→ Task prompt
Copy word for word the lines of the records below, beginning at the one with "grupoVOLMAE - Guadalajara - Psicólogos 10" and finishing at the one with "Одинарная миска для", ends included, but none of the pictures.

→ Available data
========
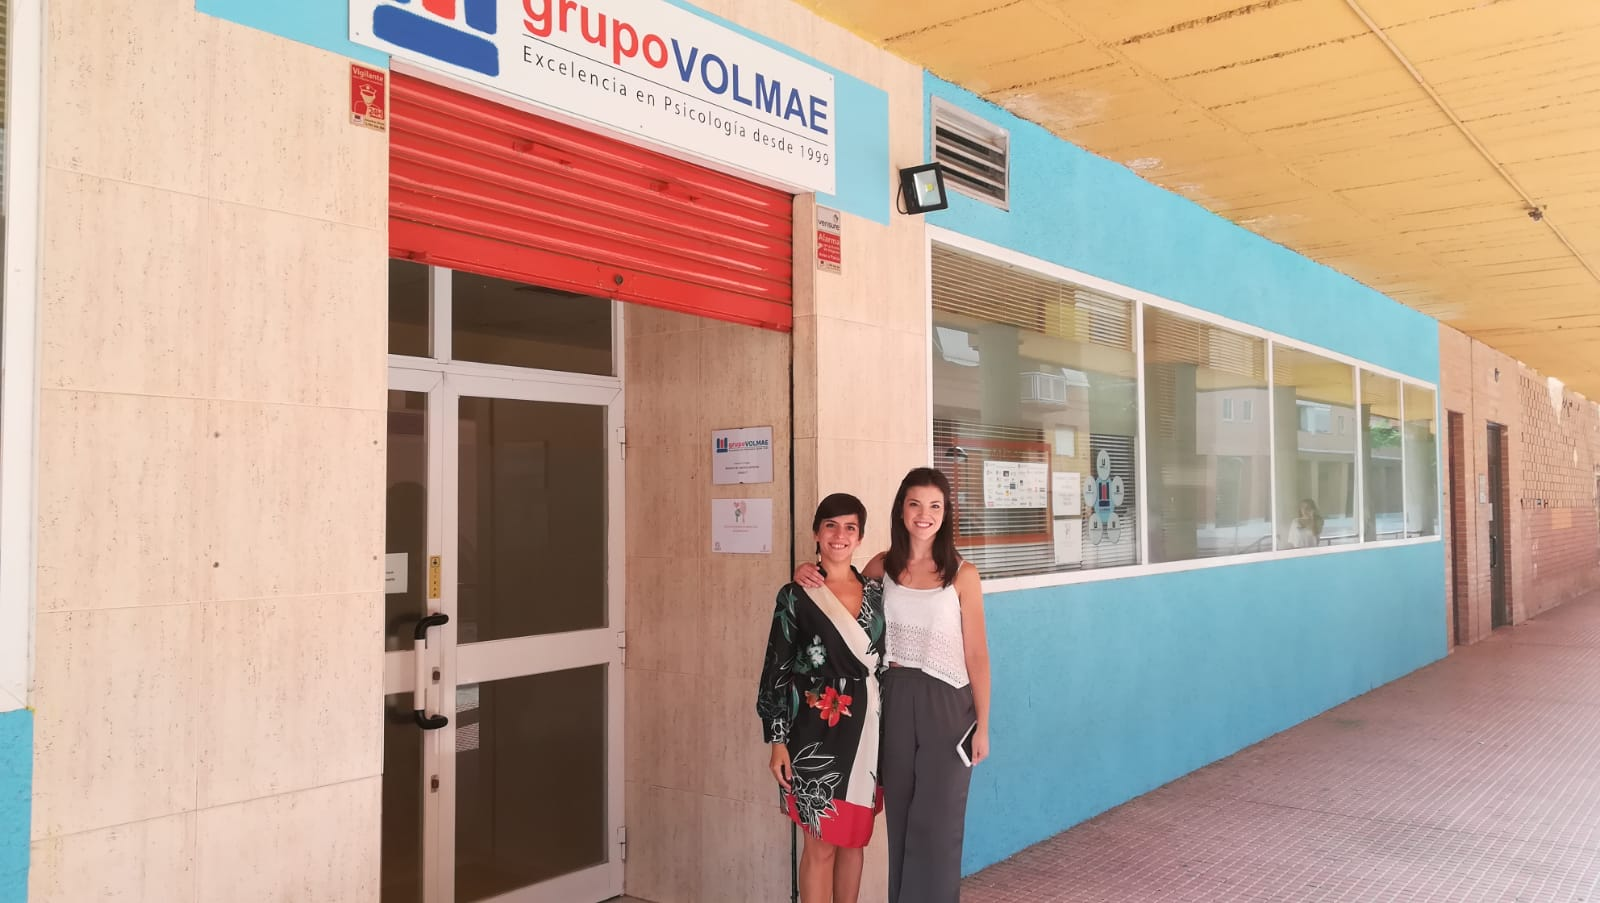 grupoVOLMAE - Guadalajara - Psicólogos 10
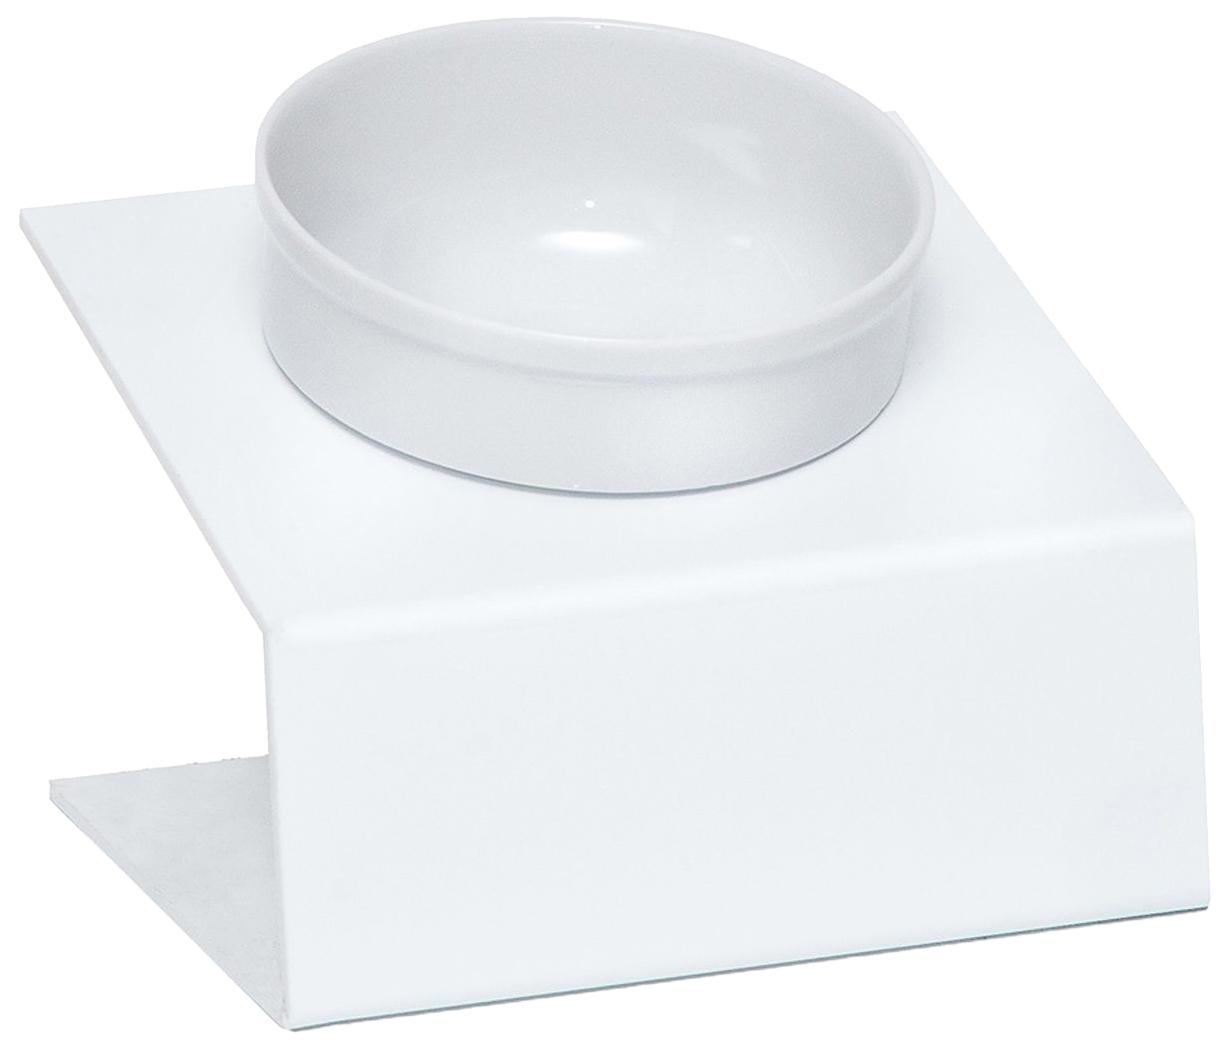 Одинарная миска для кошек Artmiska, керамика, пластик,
========
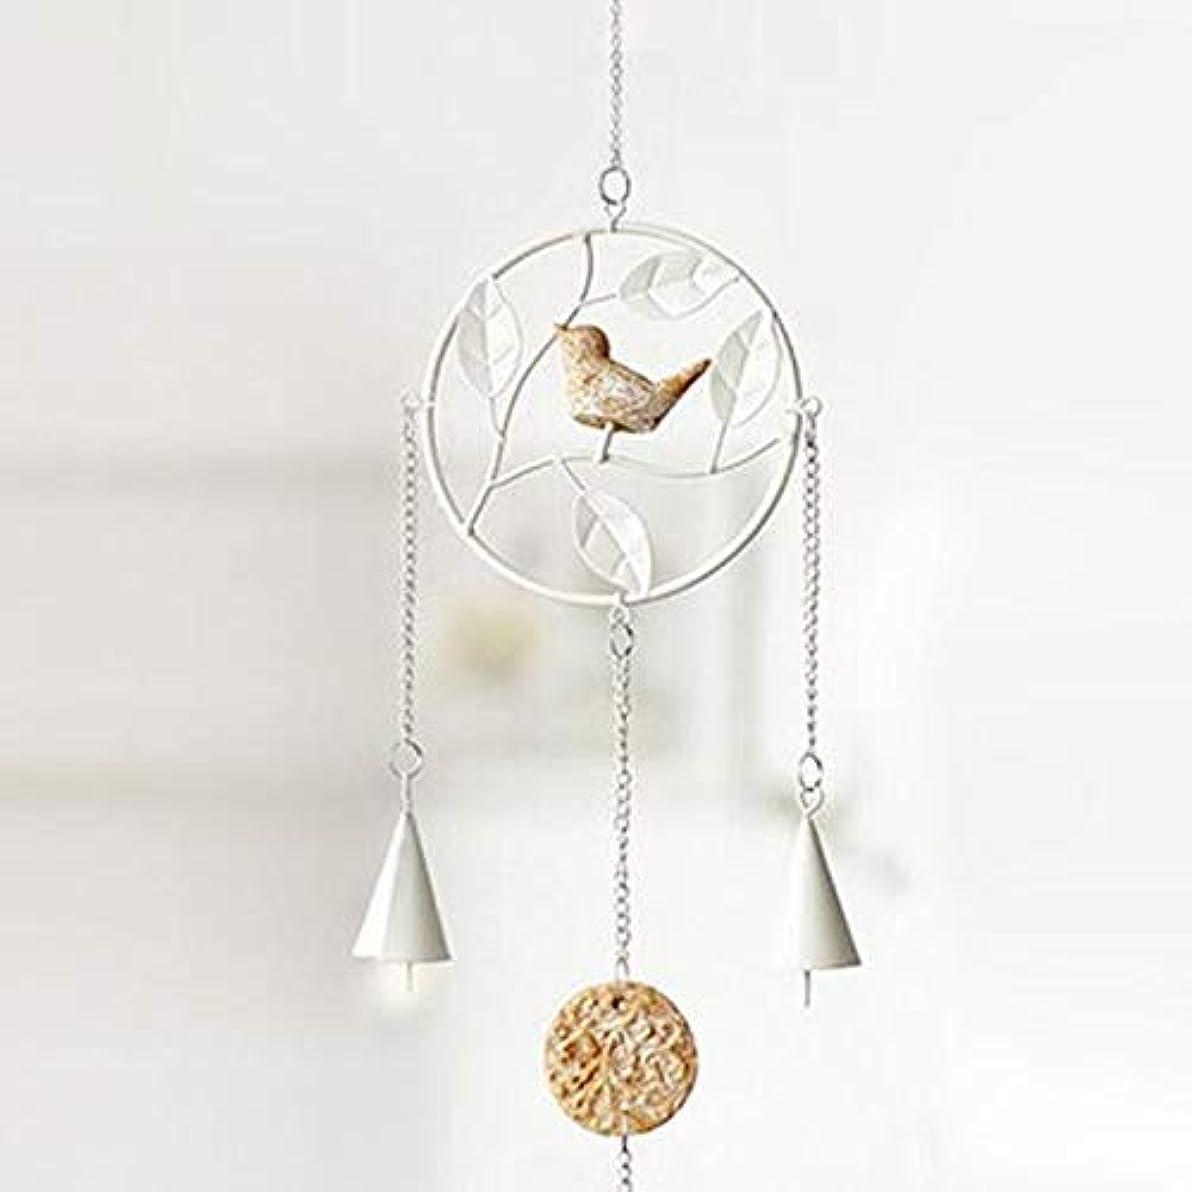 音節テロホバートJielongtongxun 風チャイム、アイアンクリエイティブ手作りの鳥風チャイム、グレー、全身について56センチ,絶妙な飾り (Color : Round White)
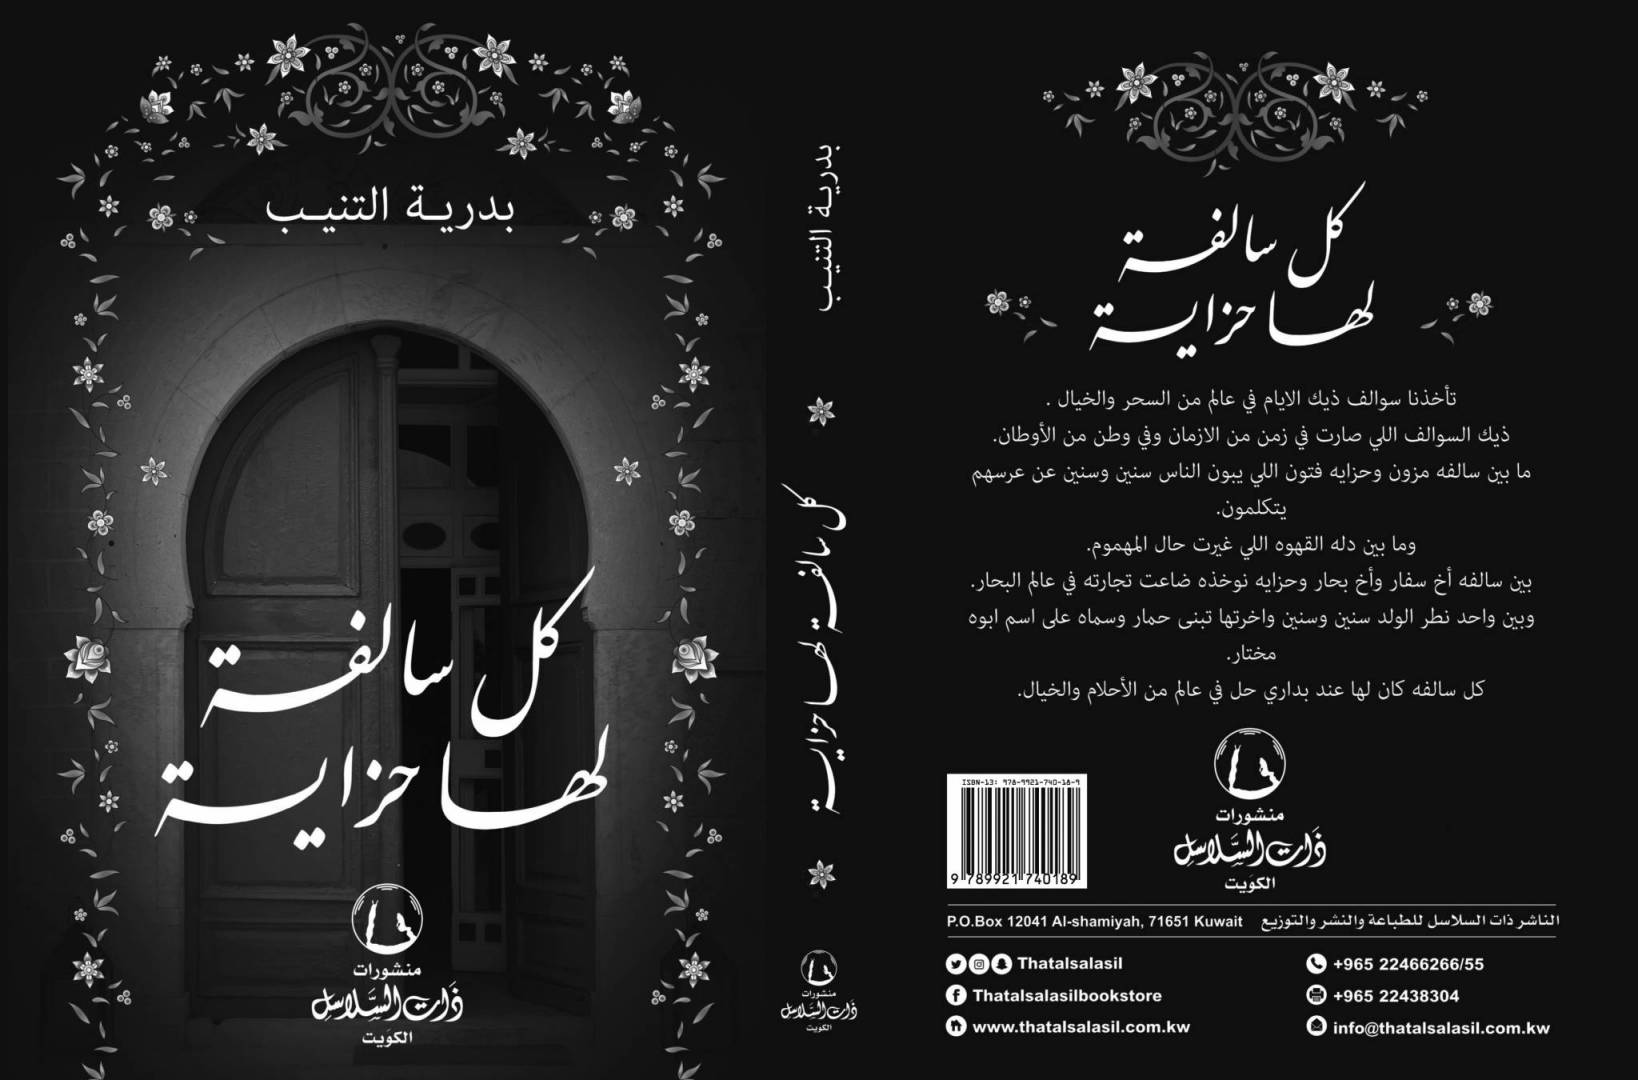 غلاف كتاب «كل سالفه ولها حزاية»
========
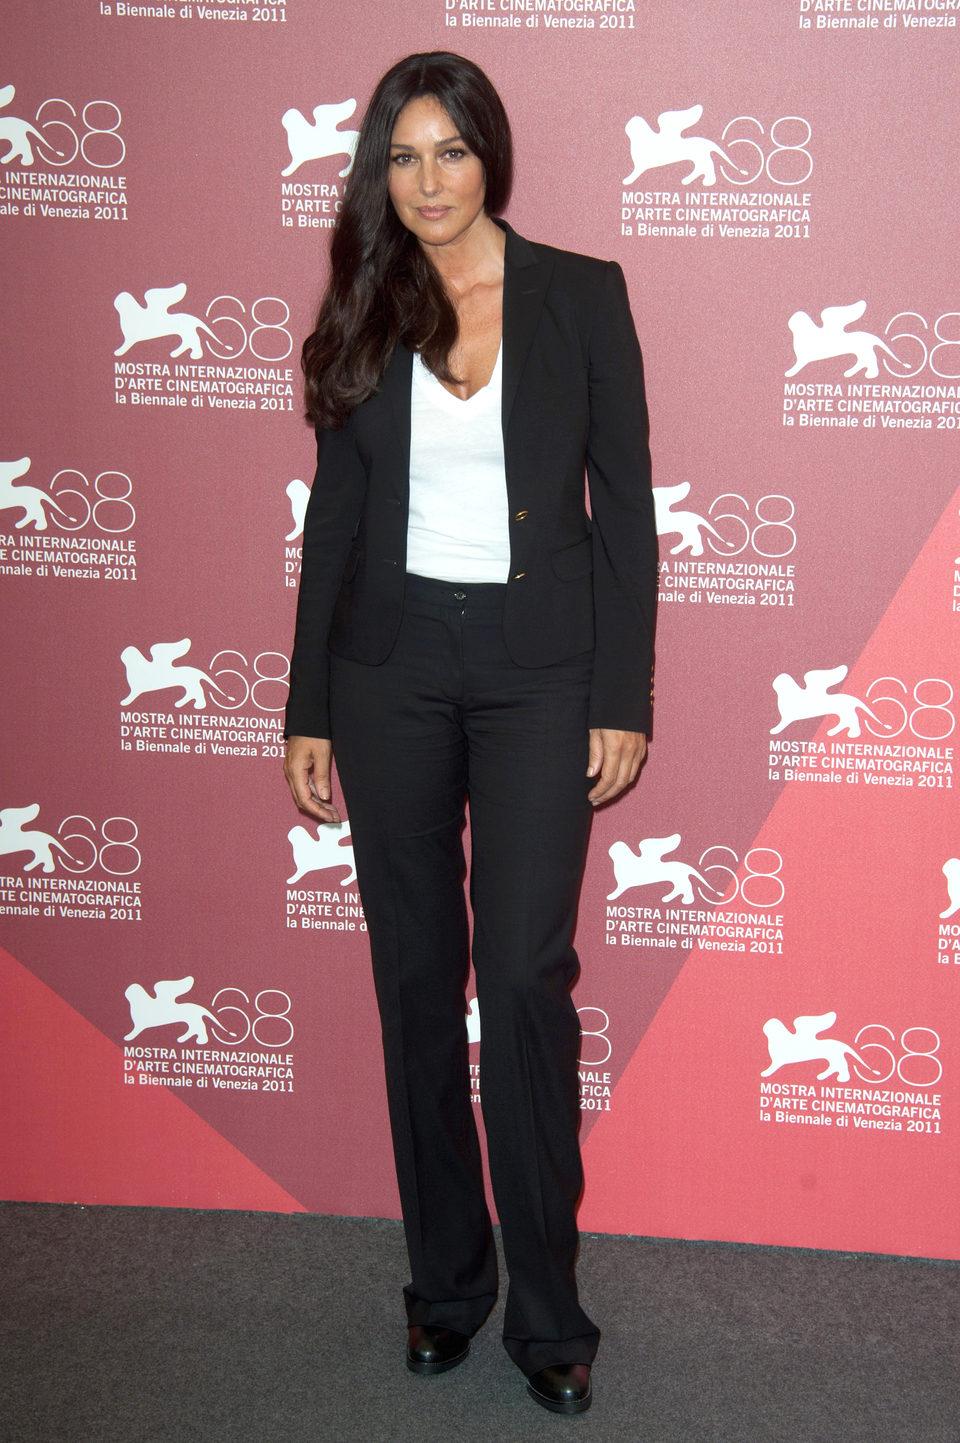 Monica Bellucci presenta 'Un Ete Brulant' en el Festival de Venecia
========
→ Answer to the exercise
 grupoVOLMAE - Guadalajara - Psicólogos 10
 Одинарная миска для кошек Artmiska, керамика, пластик,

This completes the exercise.